■ What is expected ■
Your copy runs from the line containing "Watermelon Shrimp Kabobs" through the last line of the listing, both included. Restate those lines word for word and leave out pictures.

■ Recorded data ■
Segment Open

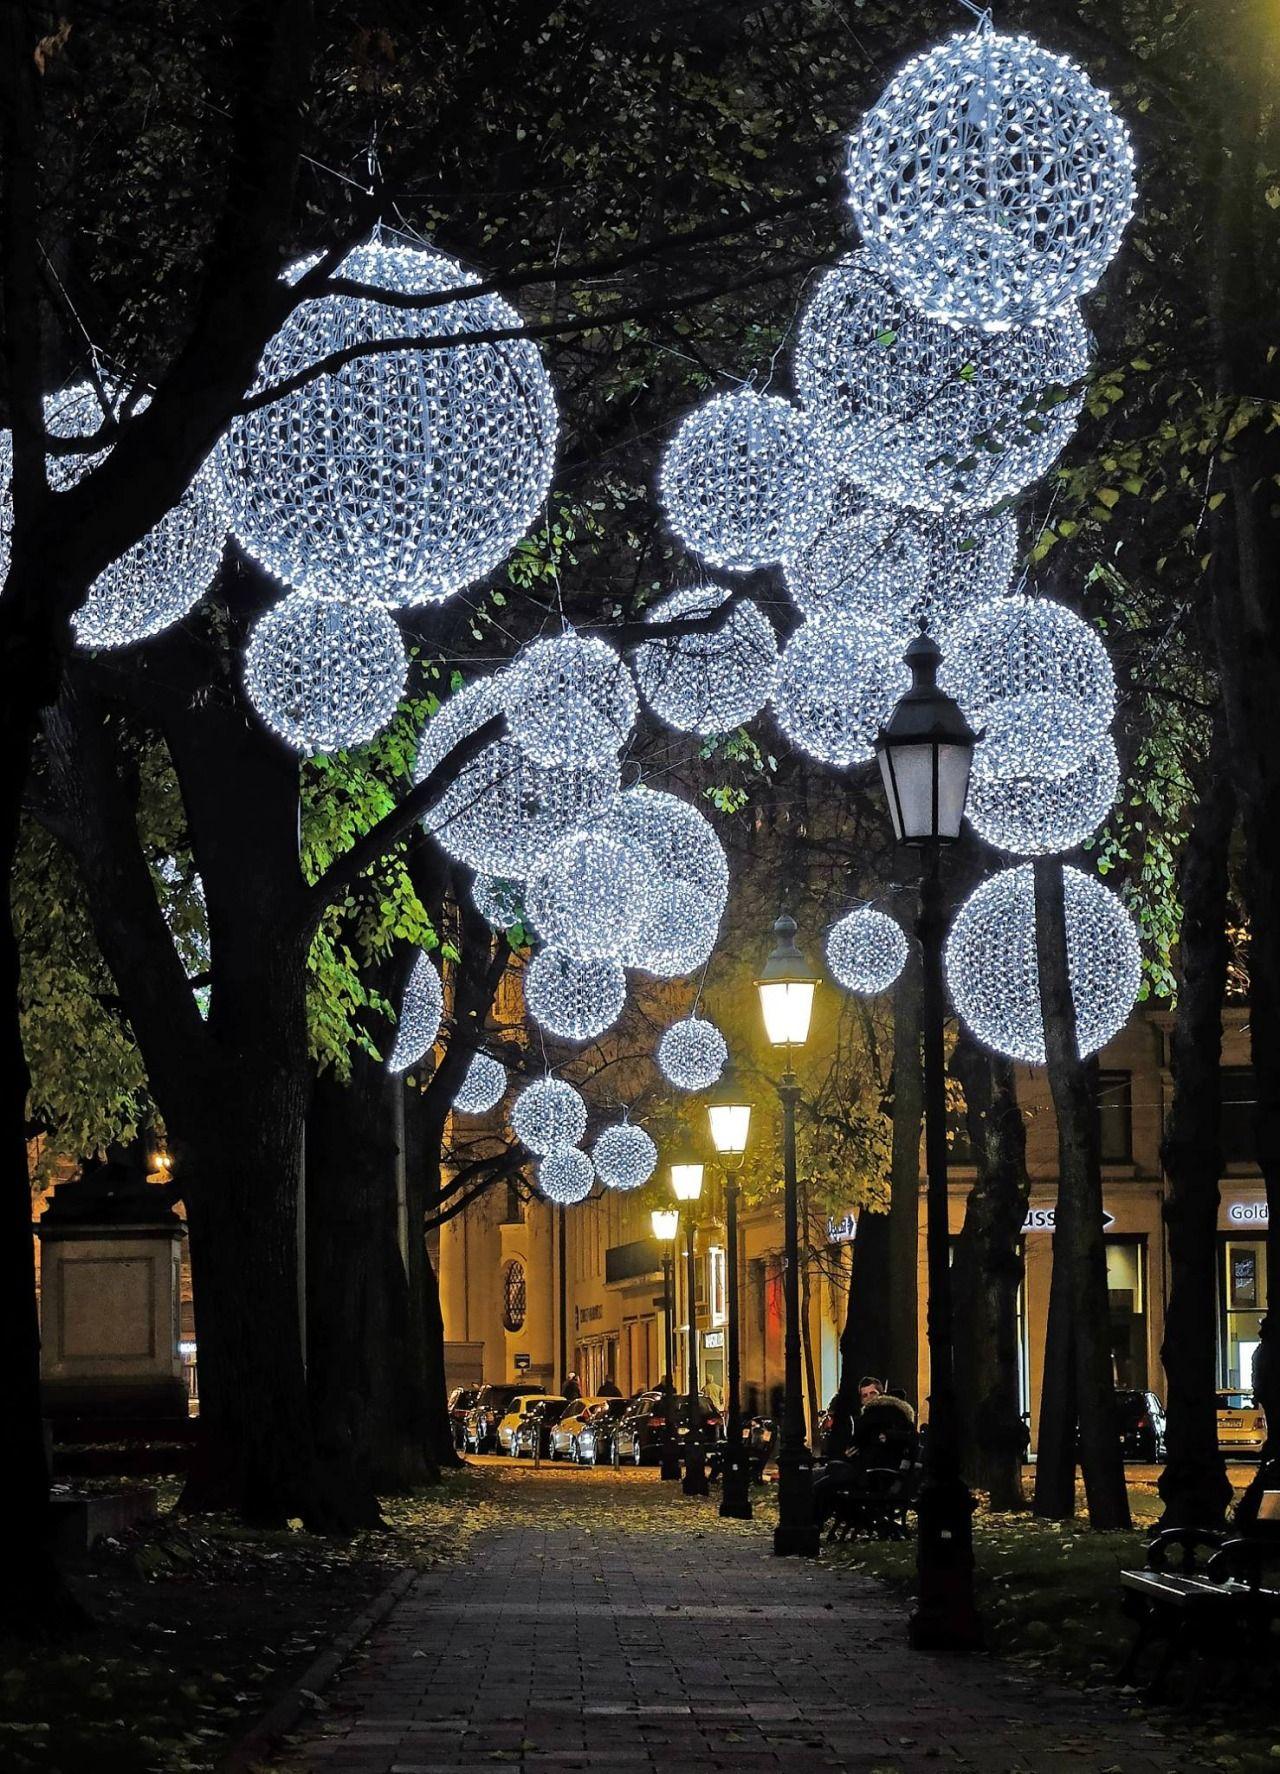 Weihnachtsbeleuchtung München.Willkommen In Germany München Bayern Southern Germany
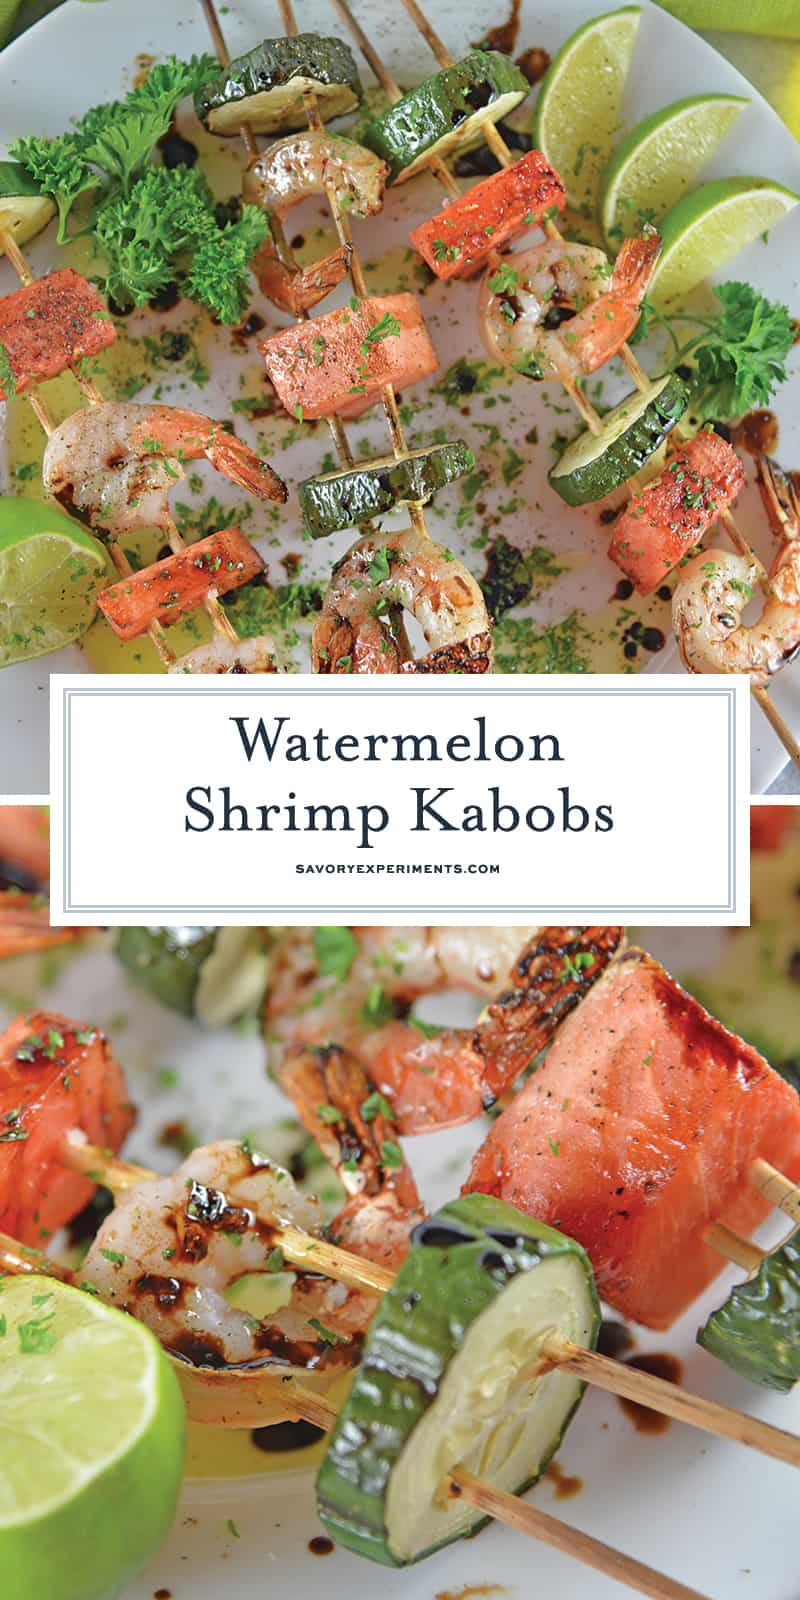 Watermelon Shrimp Kabobs combine grilled shrimp with grilled watermelon with a sweet balsamic reduction and zesty lime. A healthy kabob recipe on the grill. #grilledwatermelon #kabobrecipes www.savoryexperiments.com
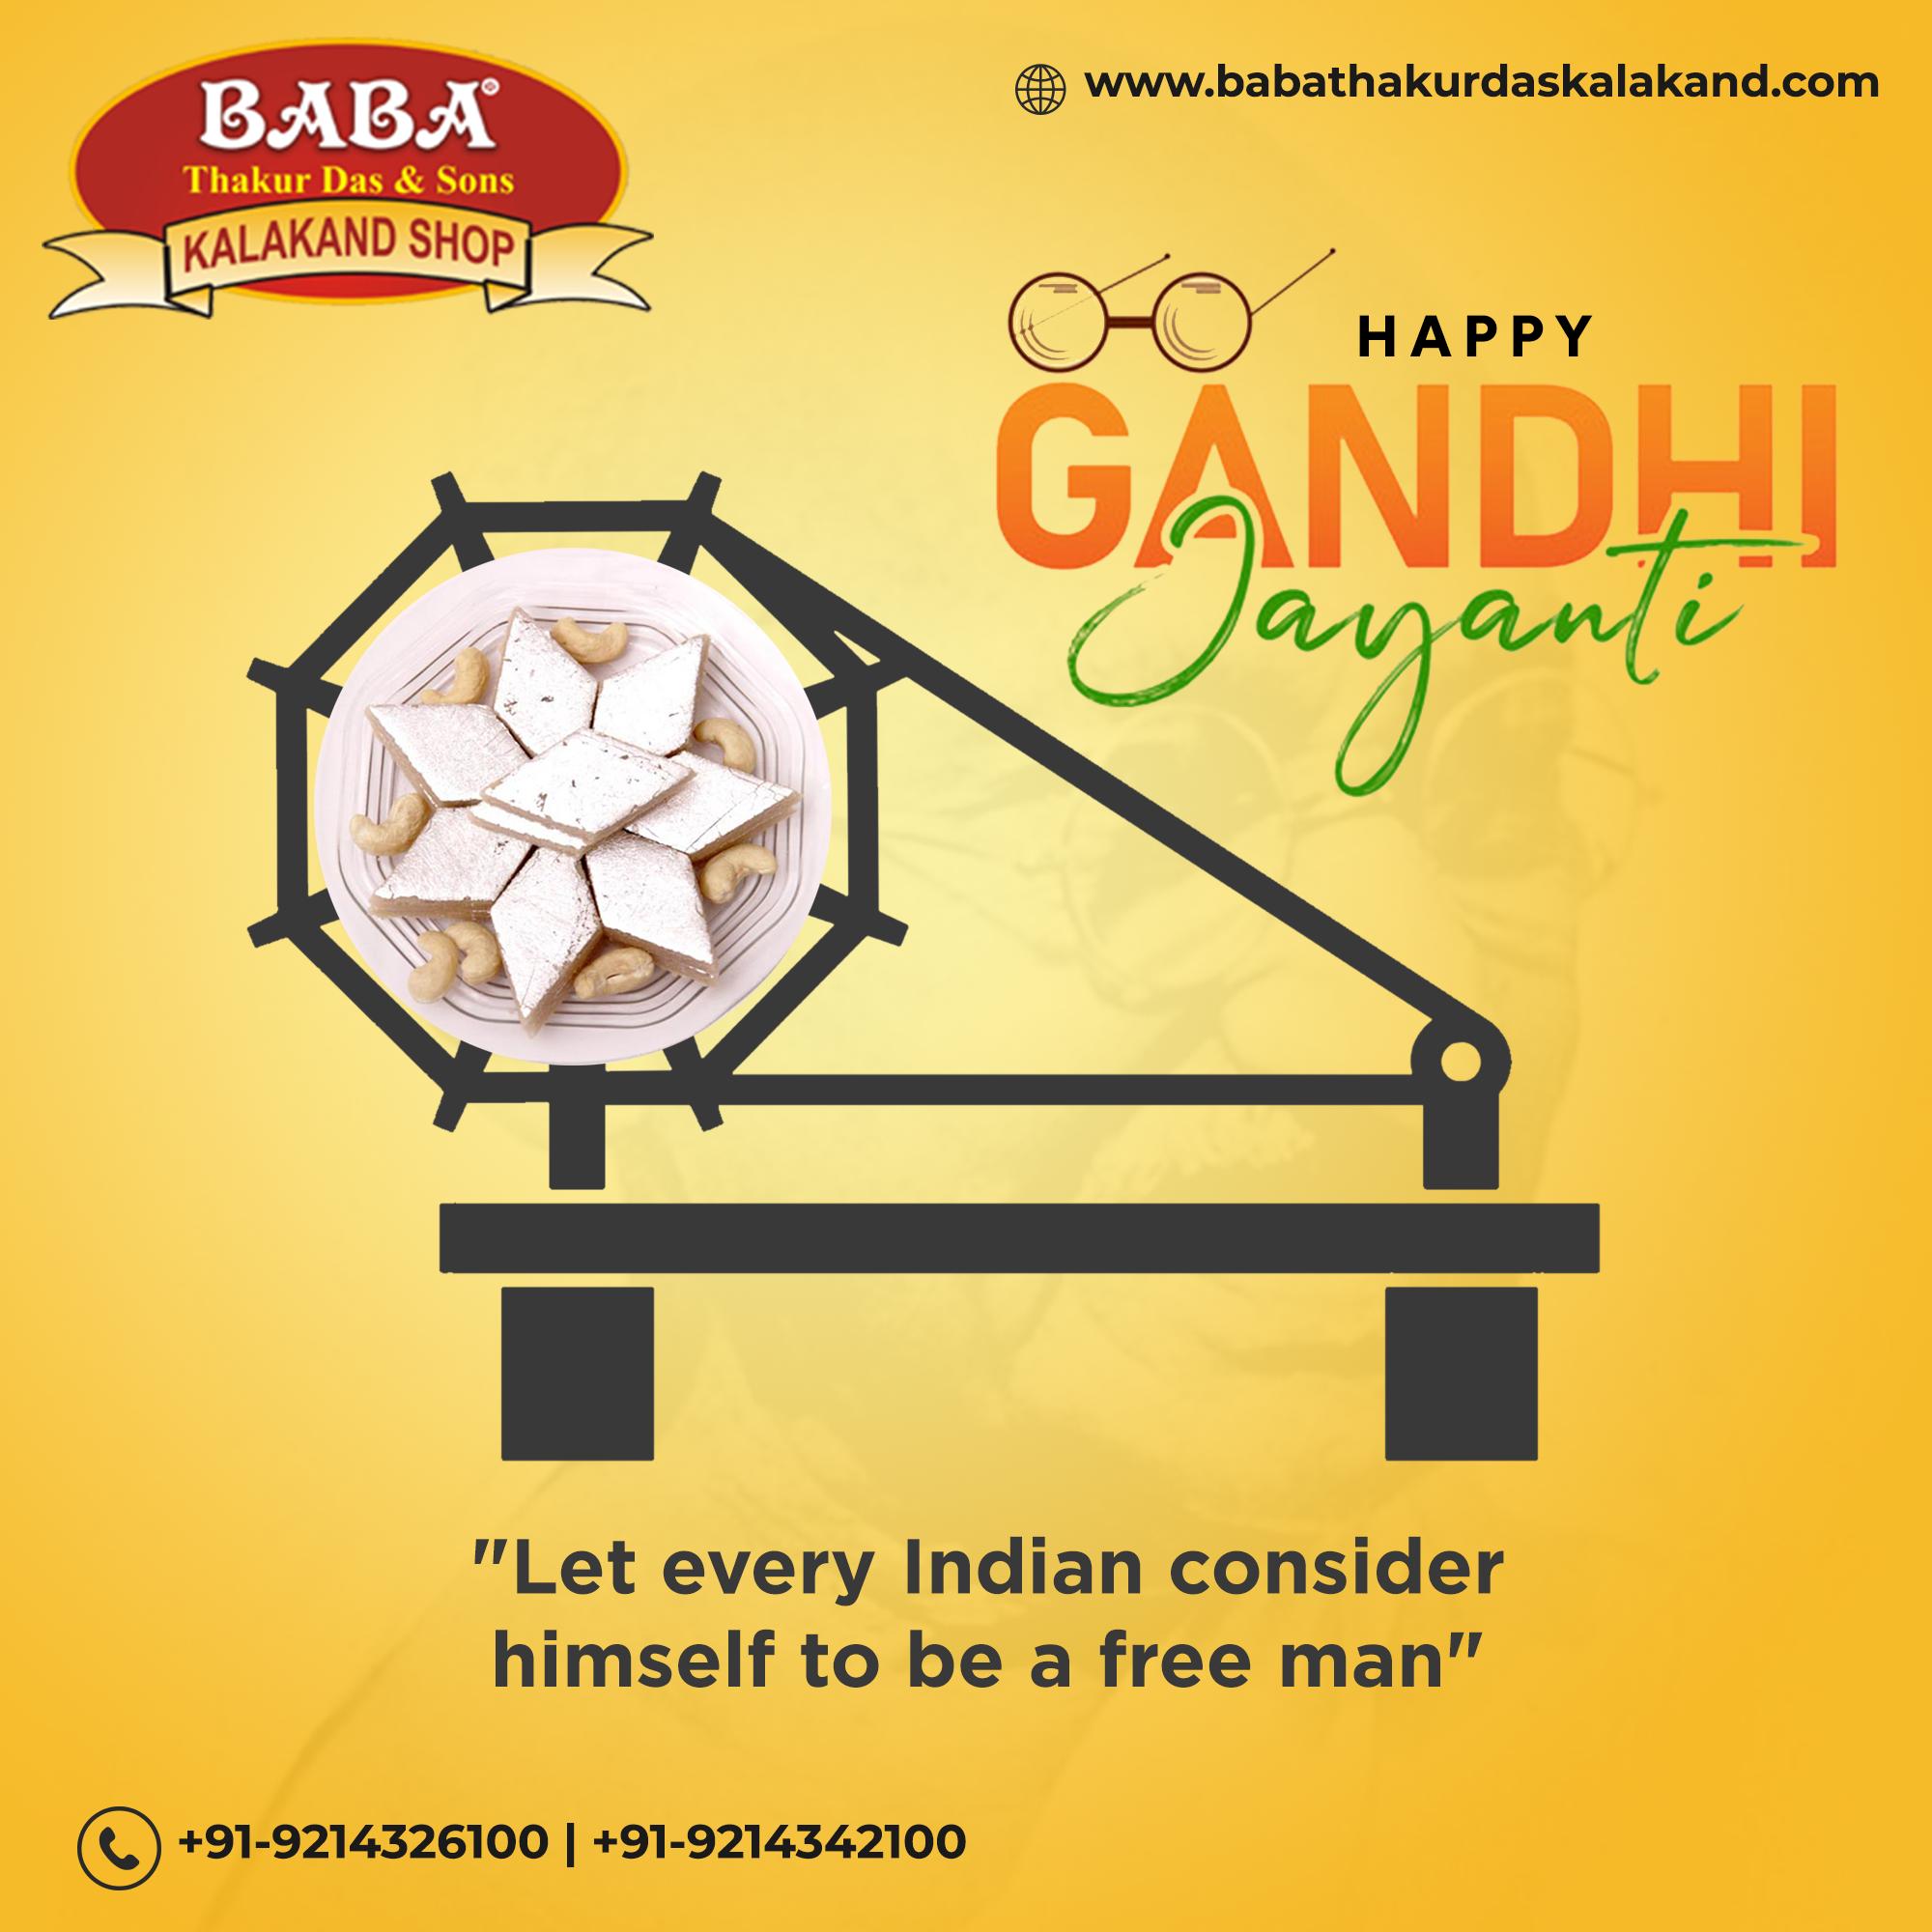 Experience Authentic Swadeshi Taste This Gandhi Jayanti. Happy Gandhi Jayanti.📞+91-9214326100 📞+91-9214342100  #mahatmagandhijayanti #gandhijayanti #mahatmagandhi #gandhiji #gandhi #india #gandhiquotes #freedom #october #bapu #fatherofnation #quote #mahatma #baapu #peace #gandhijayantispecial #quoteoftheday #nonviolence #happygandhijayanti #gandhijayanticreative #banner #sweetshop #sweets #indiansweets #yummy #foodies

Segment Closed

■ Exercise output ■
 Watermelon Shrimp Kabobs combine grilled shrimp with grilled watermelon with a sweet balsamic reduction and zesty lime. A healthy kabob recipe on the grill. #grilledwatermelon #kabobrecipes www.savoryexperiments.com
 Experience Authentic Swadeshi Taste This Gandhi Jayanti. Happy Gandhi Jayanti.📞+91-9214326100 📞+91-9214342100  #mahatmagandhijayanti #gandhijayanti #mahatmagandhi #gandhiji #gandhi #india #gandhiquotes #freedom #october #bapu #fatherofnation #quote #mahatma #baapu #peace #gandhijayantispecial #quoteoftheday #nonviolence #happygandhijayanti #gandhijayanticreative #banner #sweetshop #sweets #indiansweets #yummy #foodies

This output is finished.